JF2015 27-Jan-11 0:46am
Sergey Alexandrovich Kryukov 27-Jan-11 0:50am
Thanks a lot, Sandeep, JF2015.
--SA
MCY 27-Jan-11 4:01am
good one
Huisheng Chen 27-Jan-11 4:58am
let me simplify my question, imagine a series of values:

1,2,1,3,2,4,5, 11,10,12,10,12,13, 25,21,24,20, 4,5,2,3

we can see clearly see that according to the difference, we could split them into 4 groups bassed on my requirement above.

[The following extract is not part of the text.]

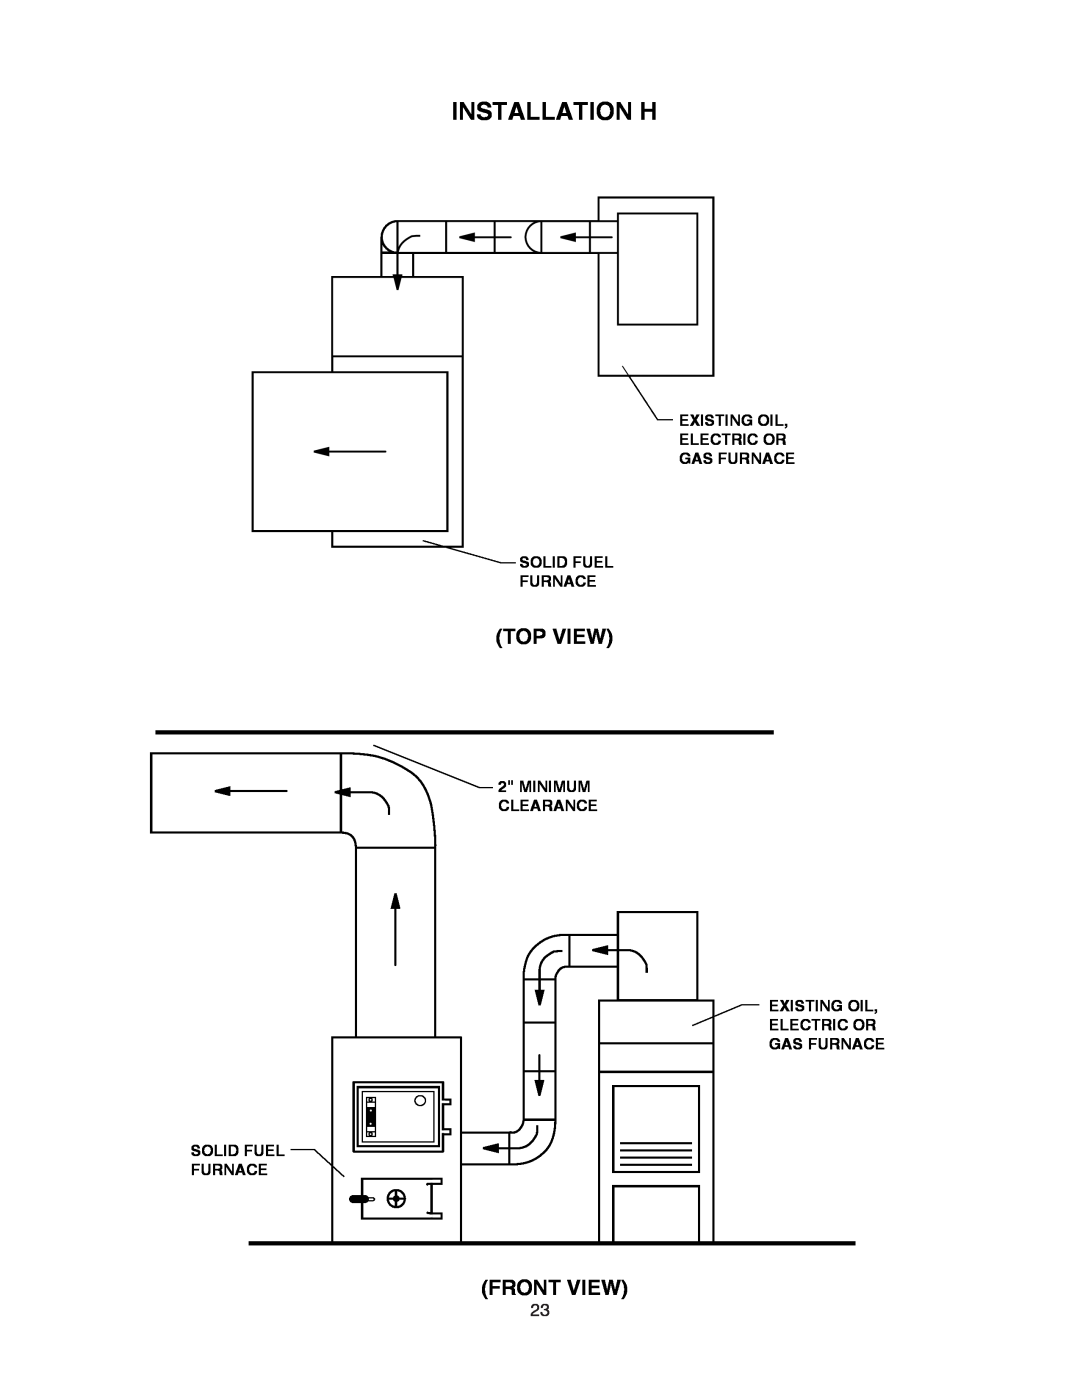 United States Stove 1500 owner manual Installation H, Top View, Front View

I searched a lot, finally came to k-means algo, but it seems that it only deals with 2-d data, not for 1-d values.

## Solution 2

Hi, I implemented the cluster by my own method. the logic is that it will first try to find out top n delta (differences), then split the data according to the delta.

C#
using System;
using System.Collections.Generic;
using System.Text;
namespace ConsoleApplication612
{
class Program
{
private class ValueSort : IComparer<int[]>
{
public int Compare(int[] x, int[] y)
{
if (x[1] > y[1])
return -1;
else if (x[1] < y[1])
return 1;
else
return 0;
}
}
private class IndexSort : IComparer<int[]>
{
public int Compare(int[] x, int[] y)
{
if (x[0] > y[0])
return 1;
else if (x[0] < y[0])
return -1;
else
return 0;
}
}
static void Main2(string[] args)
{
int[] data = new int[] { 1, 2, 1, 3, 2, 4, 5, 11, 10, 12, 10, 12, 13, 25, 21, 24, 20, 4, 5, 2, 3 };
int[][] delta = new int[data.Length][];
delta[0] = new int[2];
delta[0][0] = 0;
delta[0][1] = 0;
for (int i = 0; i < data.Length - 1; i++)
{
delta[i + 1] = new int[2];
delta[i + 1][0] = i + 1;
delta[i + 1][1] = Math.Abs(data[i + 1] - data[i]);
}
Array.Sort(delta, new ValueSort());
int groups = 4;
int[][] topDelta = new int[groups - 1][];
for (int i = 0; i < topDelta.Length; i++)
{
topDelta[i] = delta[i];
}
Array.Sort(topDelta, new IndexSort());
List<List<int>> output = new List<List<int>>();
int index = 0;
for (int i = 0; i < topDelta.Length; i++)
{
List<int> group = new List<int>();
for (int j = index; j < topDelta[i][0]; j++)
{
}
index = topDelta[i][0] + 1;
}
List<int> group2 = new List<int>();
for (int j = topDelta[topDelta.Length - 1][0]; j < data.Length; j++)
{
}
for (int i = 0; i < output.Count; i++)
{
Console.Write("Group" + i + ":");
foreach (int value in output[i])
{
Console.Write(value + ",");
}
Console.WriteLine();
}
}
}
}

v6
Sergey Alexandrovich Kryukov 27-Jan-11 10:15am
You need to reformat this.
You can try to paste from Visual Studio.

To do this, take your original C#, in some text editor (not HTML page) replace all angular brackets with HTML entities < and > in "Improve Answer" check "Allow HTML" radio button and paste the code, manually add <pre lang="cs">...</pre>.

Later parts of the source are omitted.